Source data:
----------
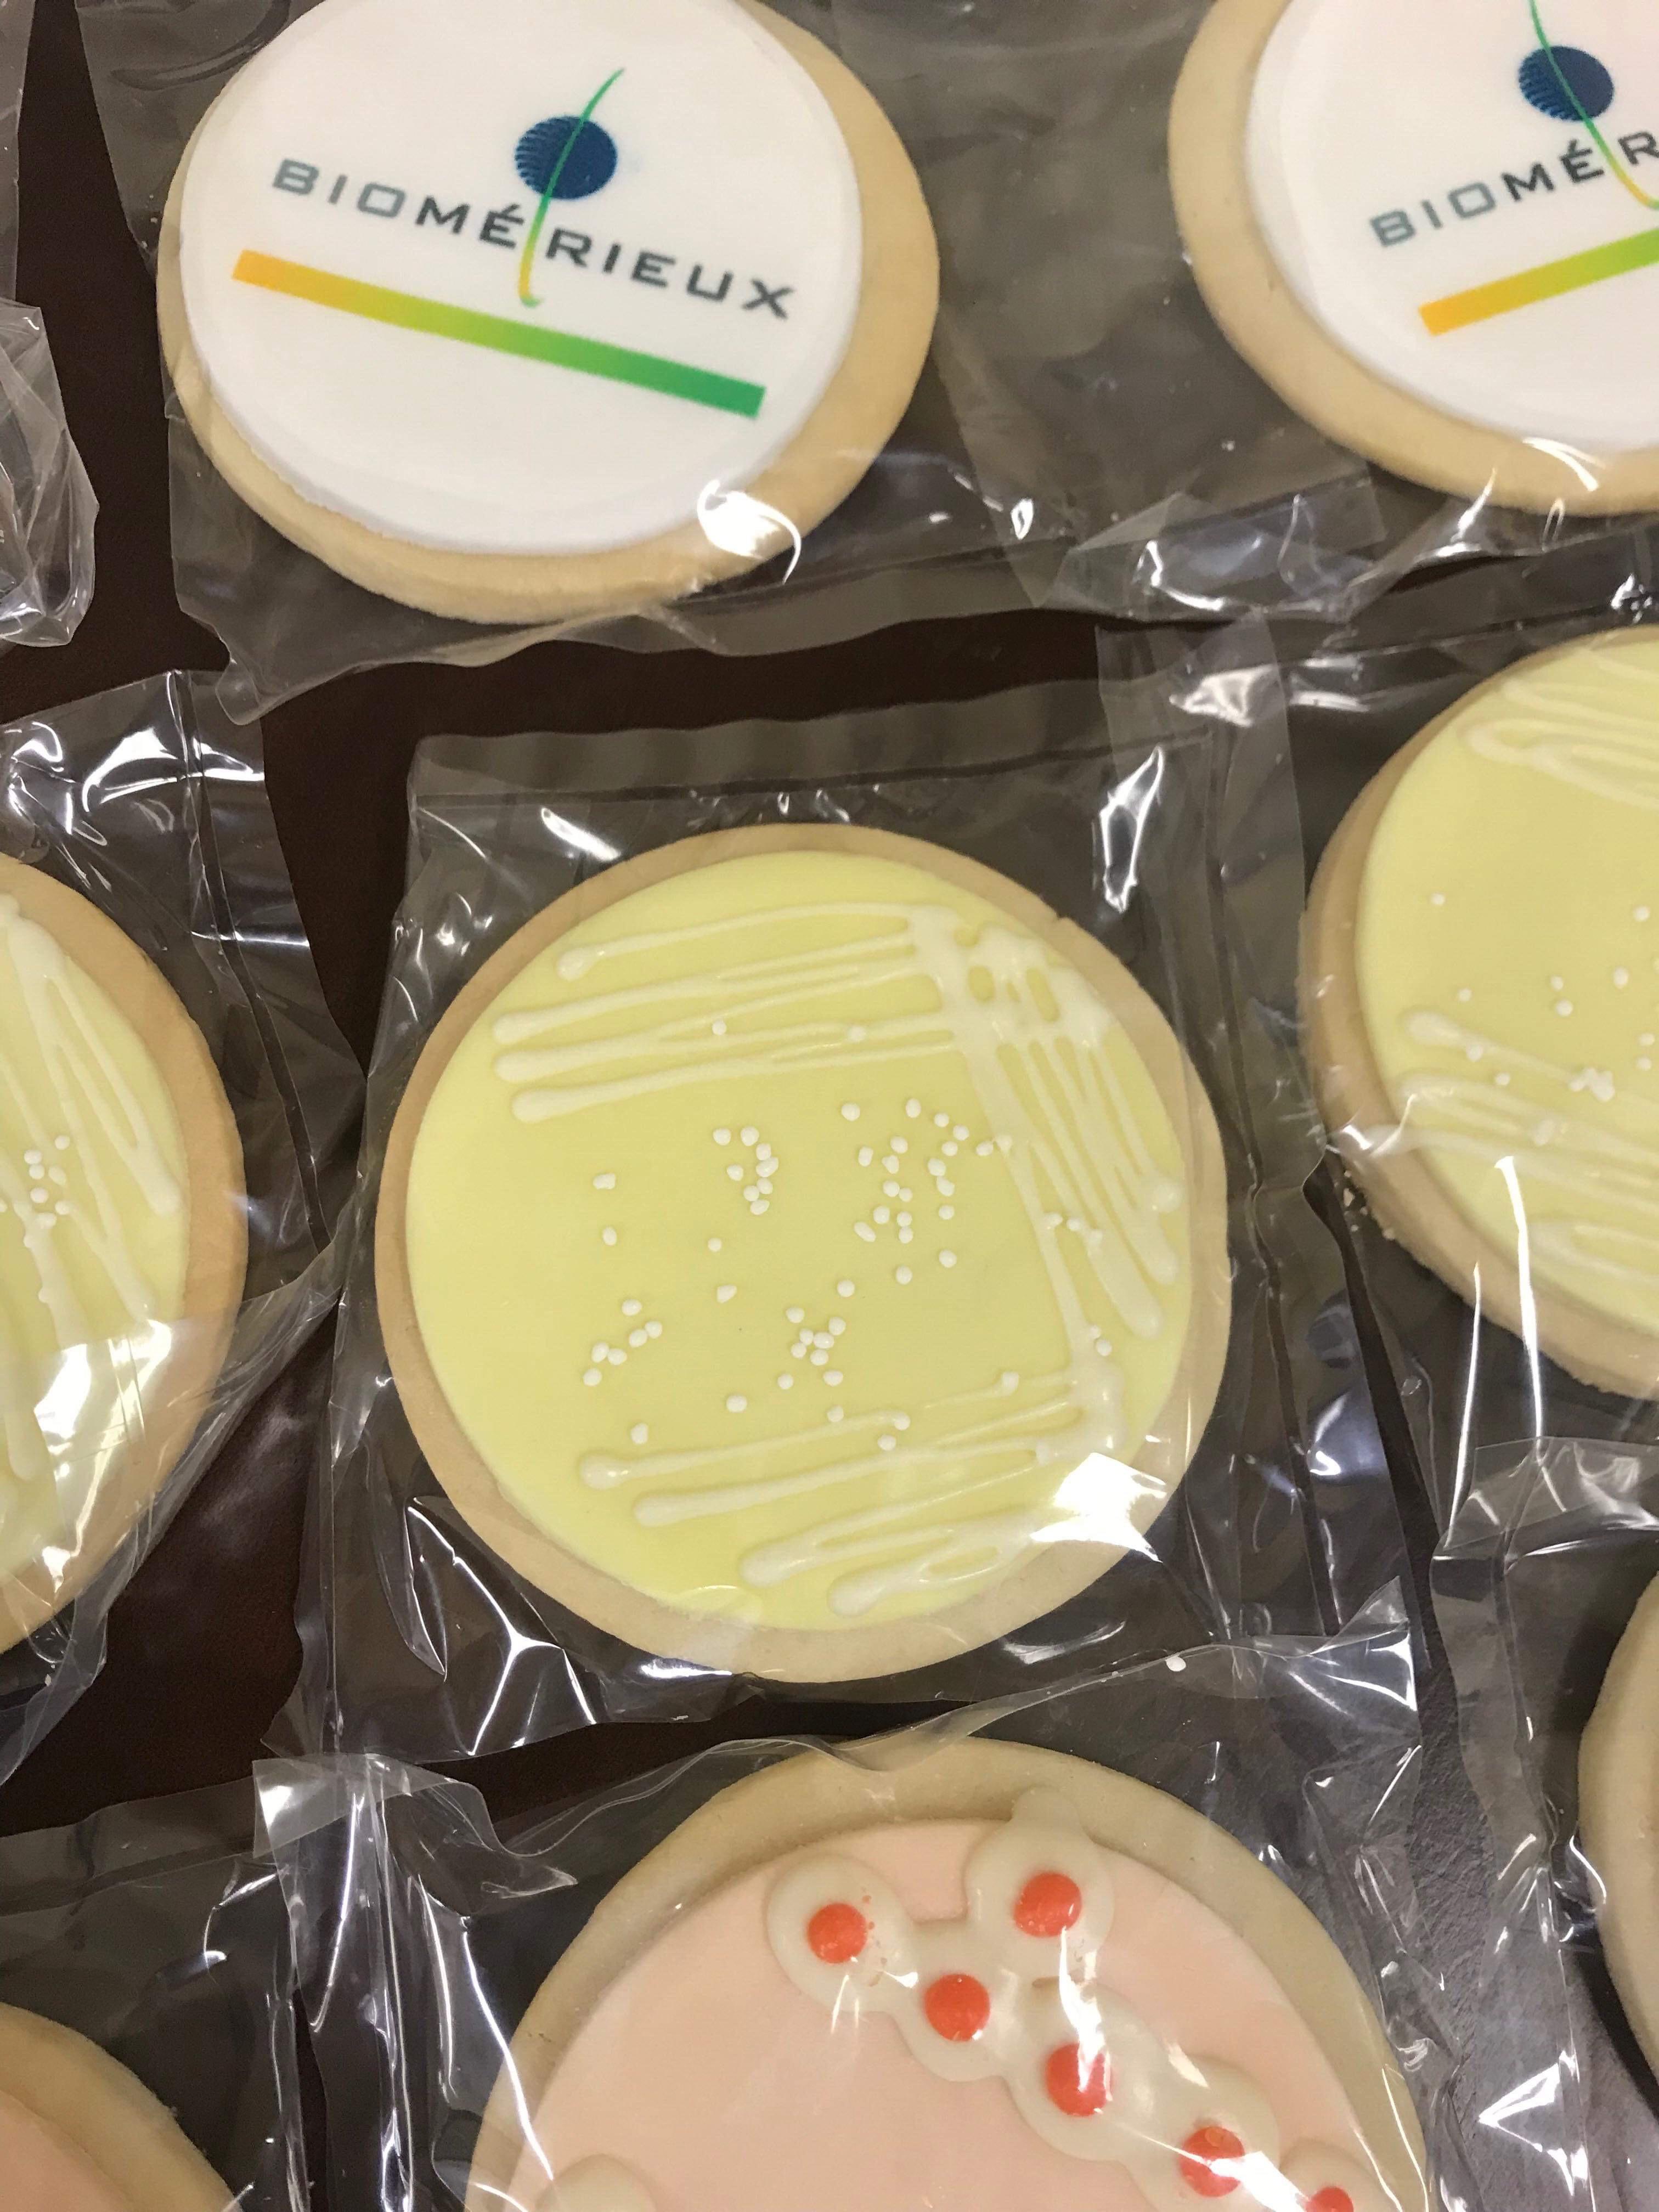 3184, cookies, round, streak plate, inoculation
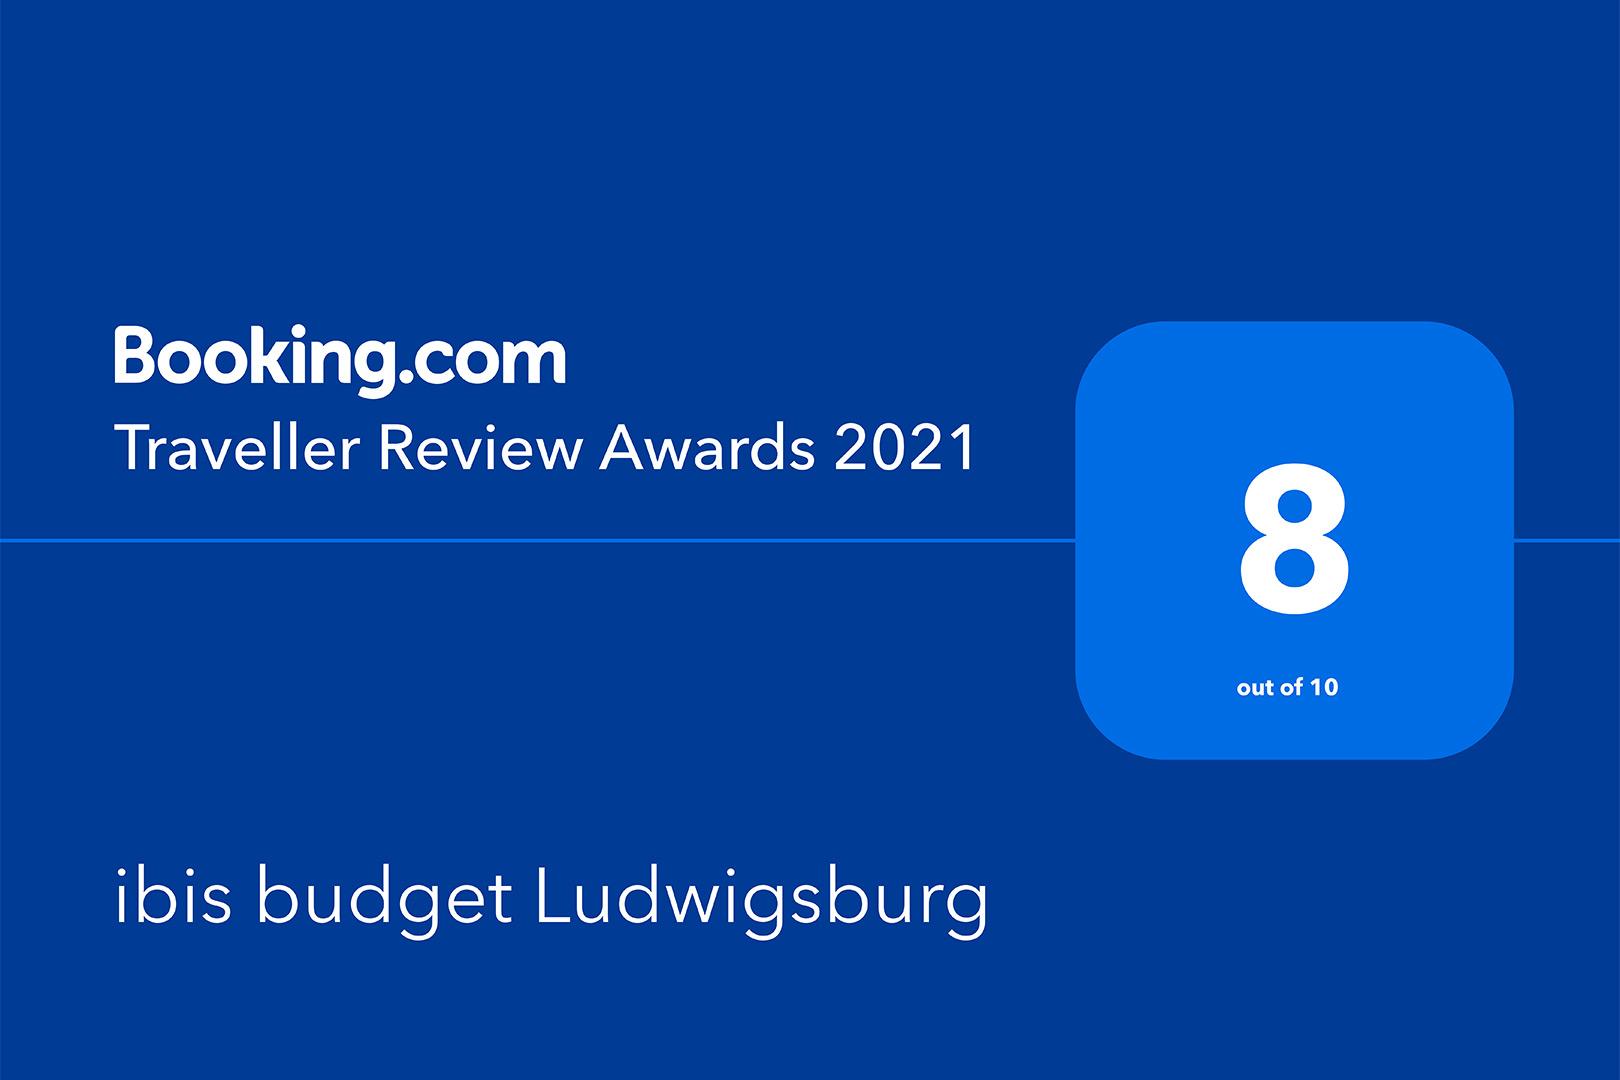 ibis budget Ludwigsburg - Traveller Review Award 2021
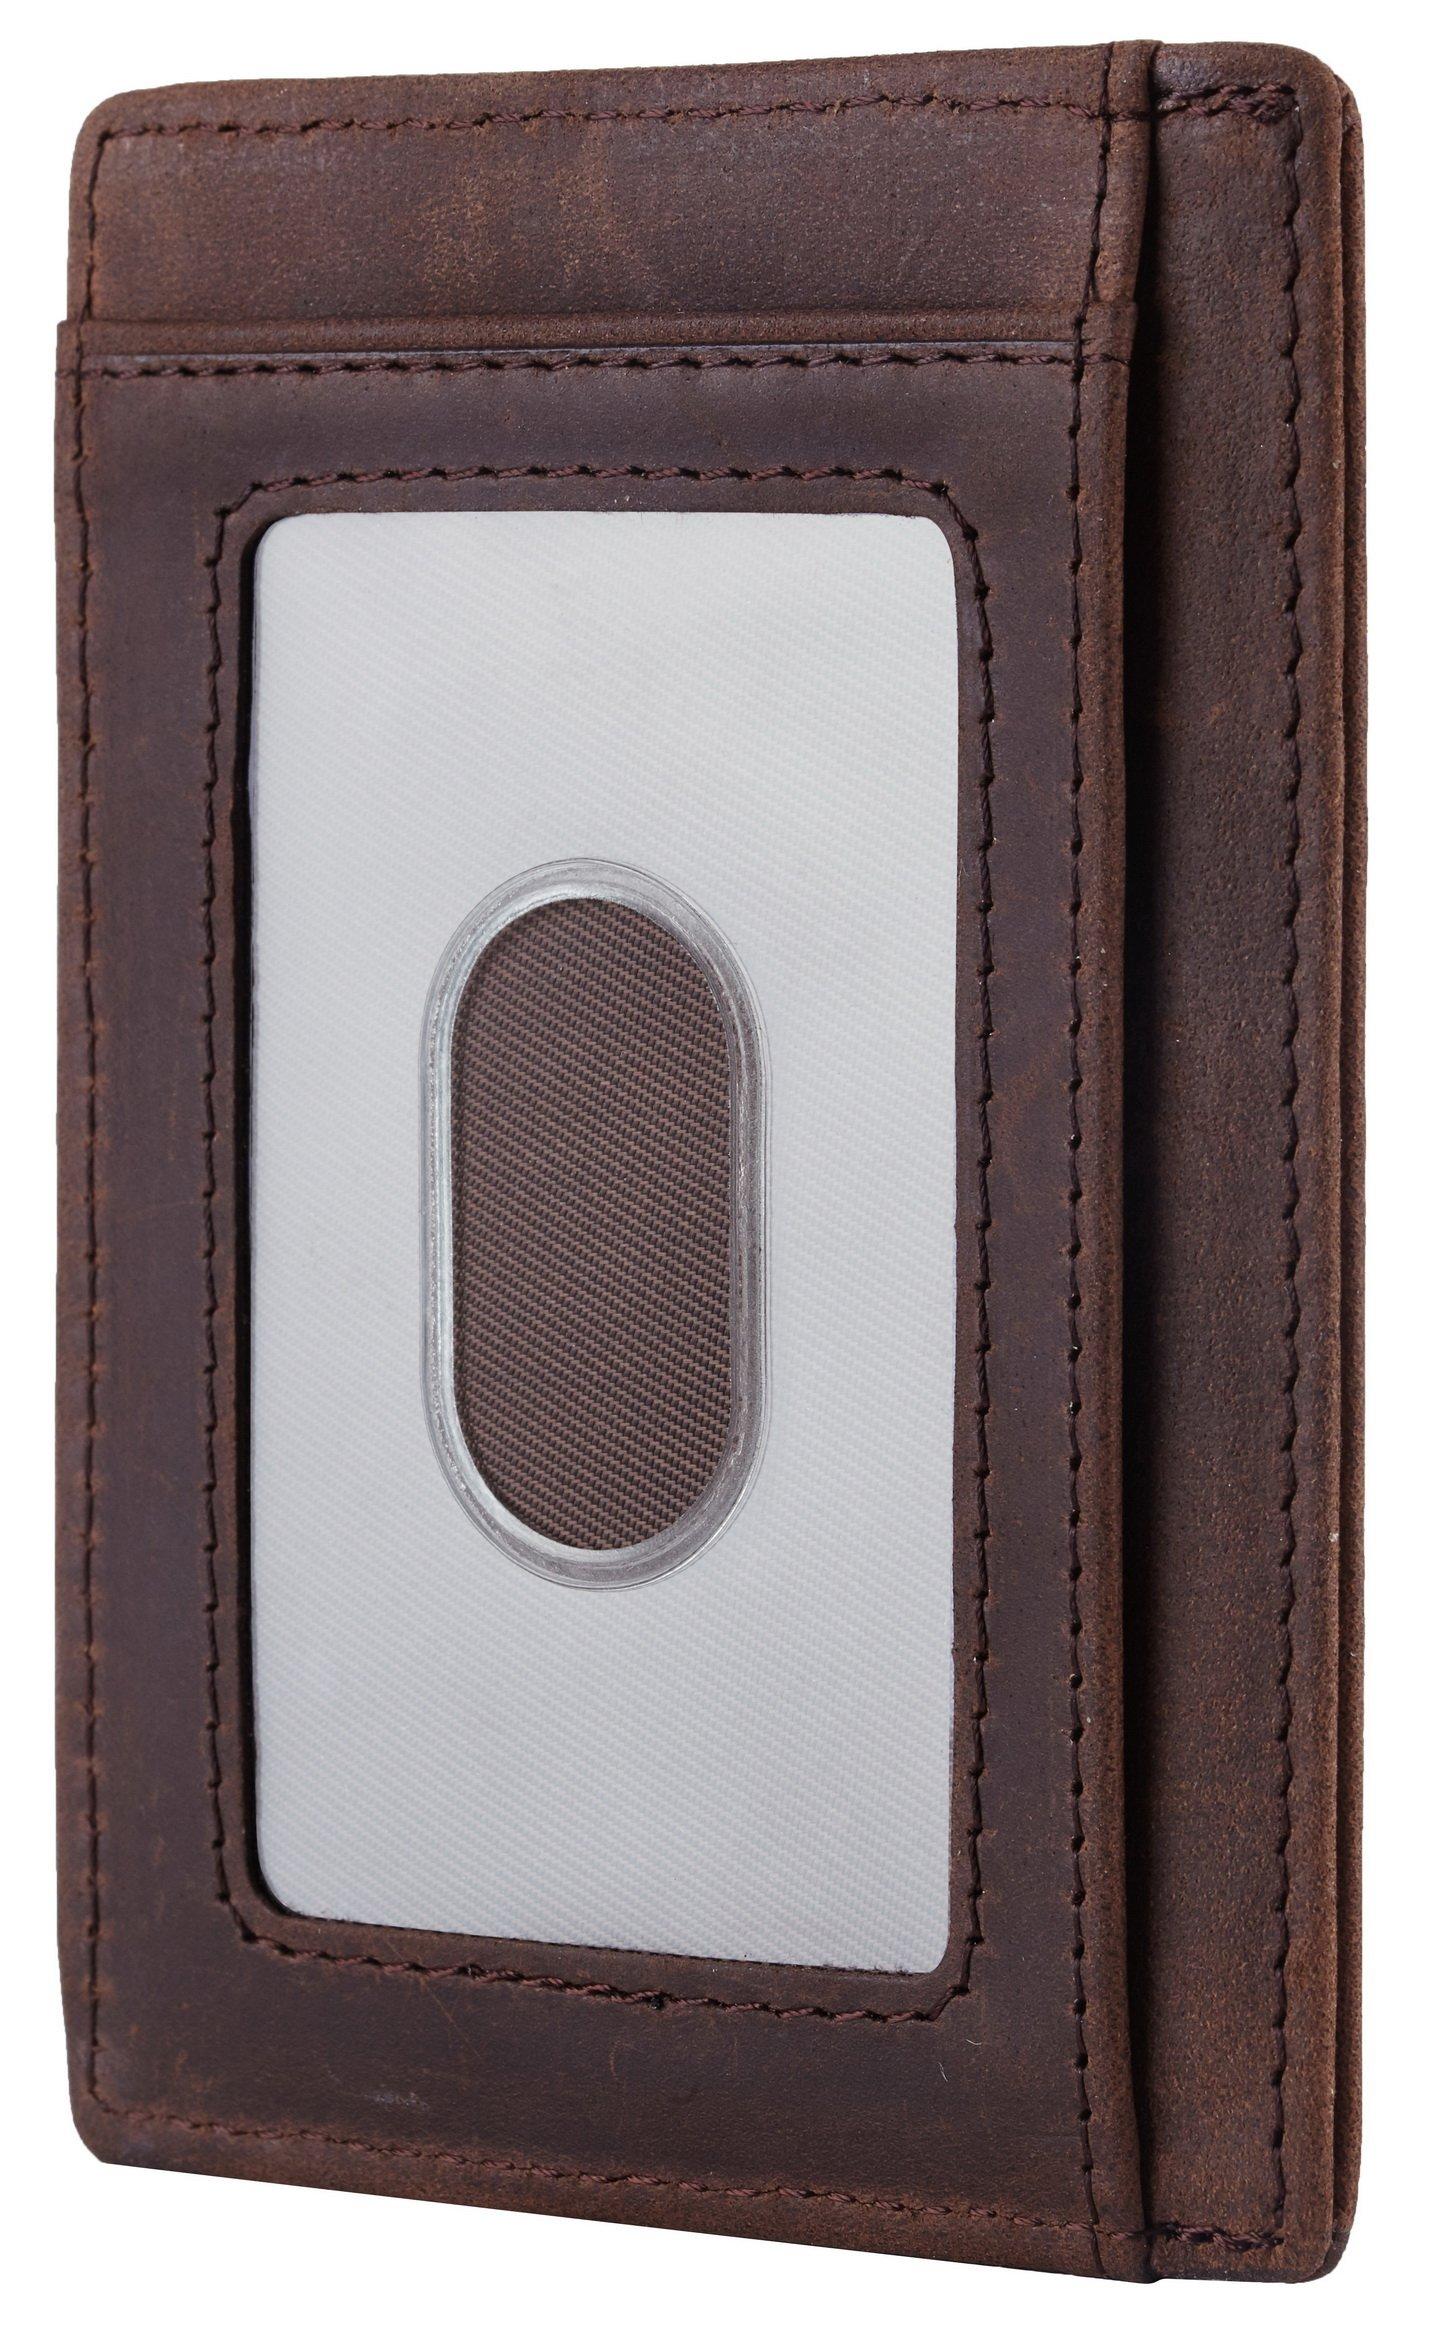 NapaWalli Wife To Husband Gift Best Anniversary Birthday Gifts For Him Genuine Leather RFID Blocking slim Wallet Card Holder (Hunter Coffee) by NapaWalli (Image #2)
----------
Prompt: The whole listing above, minus its pictures, is what you should write out word for word.

Your solution:
 3184, cookies, round, streak plate, inoculation
 ibis budget Ludwigsburg - Traveller Review Award 2021
 NapaWalli Wife To Husband Gift Best Anniversary Birthday Gifts For Him Genuine Leather RFID Blocking slim Wallet Card Holder (Hunter Coffee) by NapaWalli (Image #2)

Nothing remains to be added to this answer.